The isolation and characterization of the complementary DNAs (cDNAs) and gene which code for an epithelial tumor antigen (H23-ETA), aberrantly expressed in human breast tumor tissue, are described here. A diversity of H23-ETA protein forms, is generated by a series of alternative splicing events that occur in regions located upstream and downstream to a central tandem 20 amino acid (aa) repeat array (TRA) that is rich in proline, serine and threonine residues.

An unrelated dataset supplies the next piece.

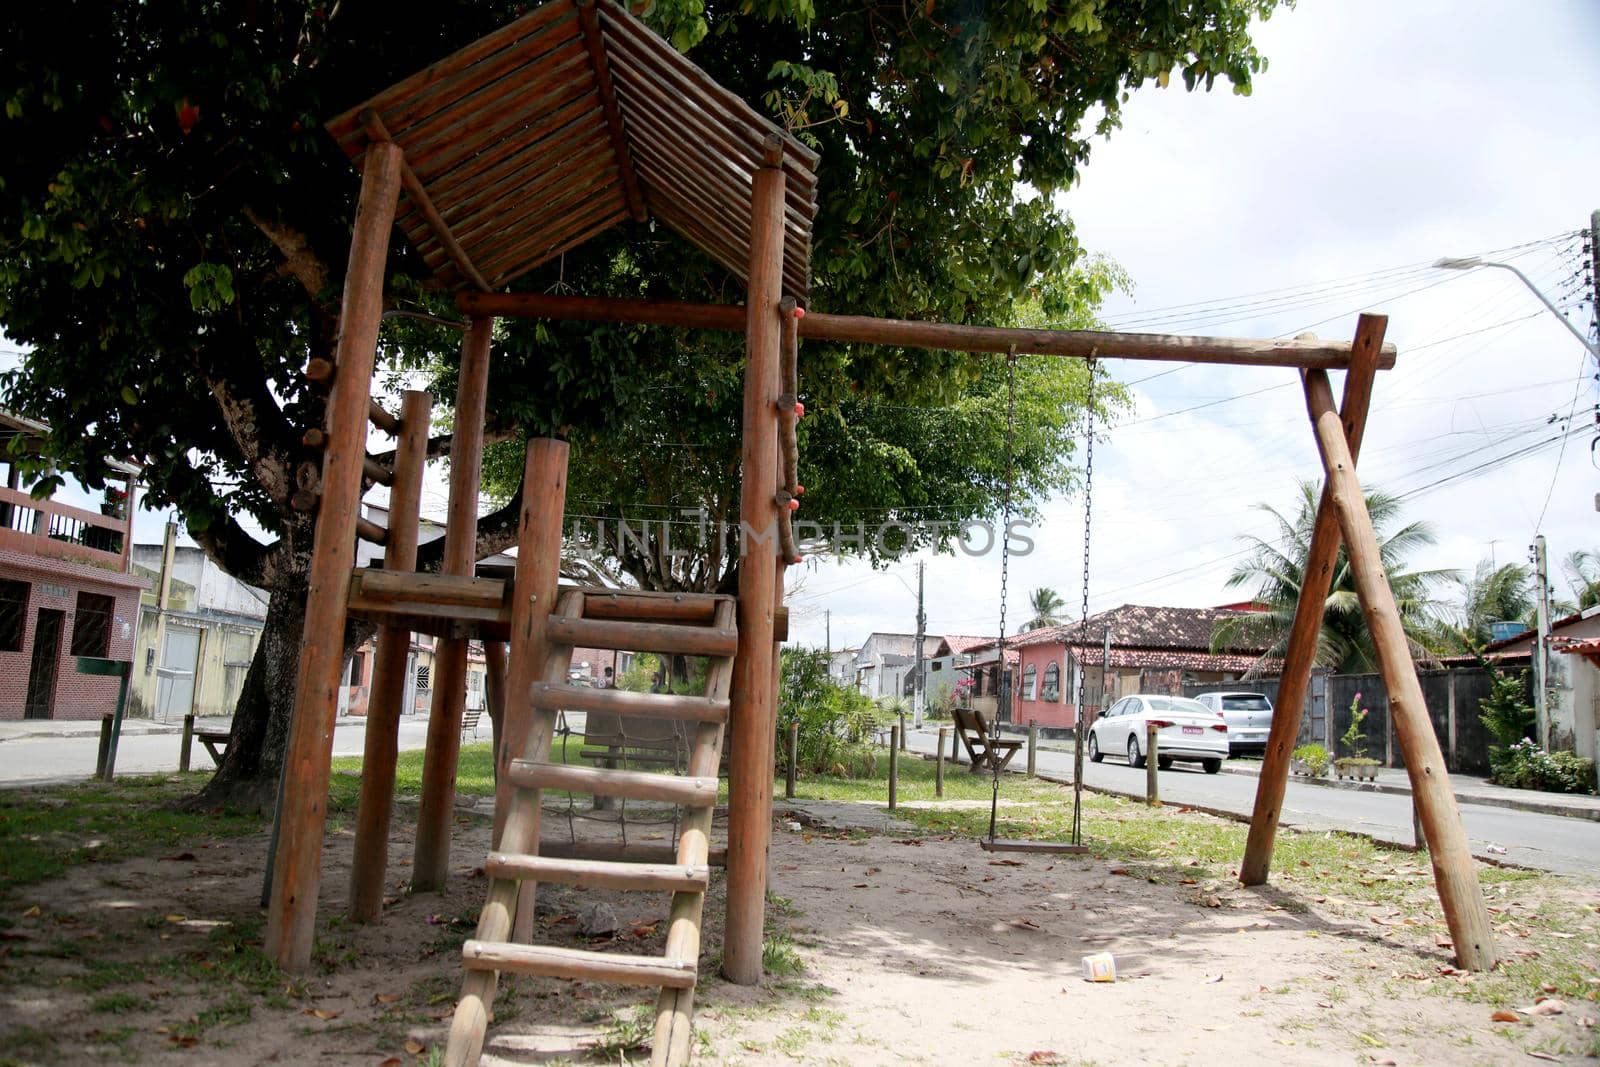 mata de sao joao, bahia, brazil - october 24, 2020: empty children's playground due to the covid-19 pandamira in the city of Mata de Sao Joao

The upstream region shows that differential usage of alternative splice acceptor sites generates two protein forms containing putative signal peptides of varying hydrophobicities located at the NH2 terminus. The region downstream to the tandem repeat array indicates that one mRNA transcript is collinear with the gene and defines a 160 aa open reading frame (secreted or sec form). A second cDNA correlates with a mRNA that is generated by a series of splicing events and codes for 149 aa downstream to the TRA, identical with the aa sequence of the unspliced cDNA, after which it diverges and continues for an additional 179 aa. This sequence (transmembrane or tm form) contains a highly hydrophobic transmembrane domain of 28 aa followed by a hydrophilic “transfer-stop signal” (Arg Arg Lys) and a cytoplasmic domain of 72 aa. The various protein forms (alternative signal sequences, secreted and transmembrane) are likely routed to different cytoplasmic, cell membrane and extracellular compartments. Reverse PCR indicates that the relative ratios of the alternatively spliced forms vary in different epithelial tissues. To identify the individual protein species, monoclonal antibodies (mAb) are being generated against synthetic peptides unique to each form. The H23-ETA gene was also isolated and sequenced, demonstrating a putative promoter region that includes a ‘TATA’ box, Spl binding elements and an upstream putative hormone responsive element. Commensurate with these findings, H23-ETA expression was increased following hormonal treatment of BT549 breast tumor cells. These molecular studies have unravelled novel H23-ETA protein and gene structures, and facilitate future investigations that will focus on H23-ETA function and interaction with other cellular proteins.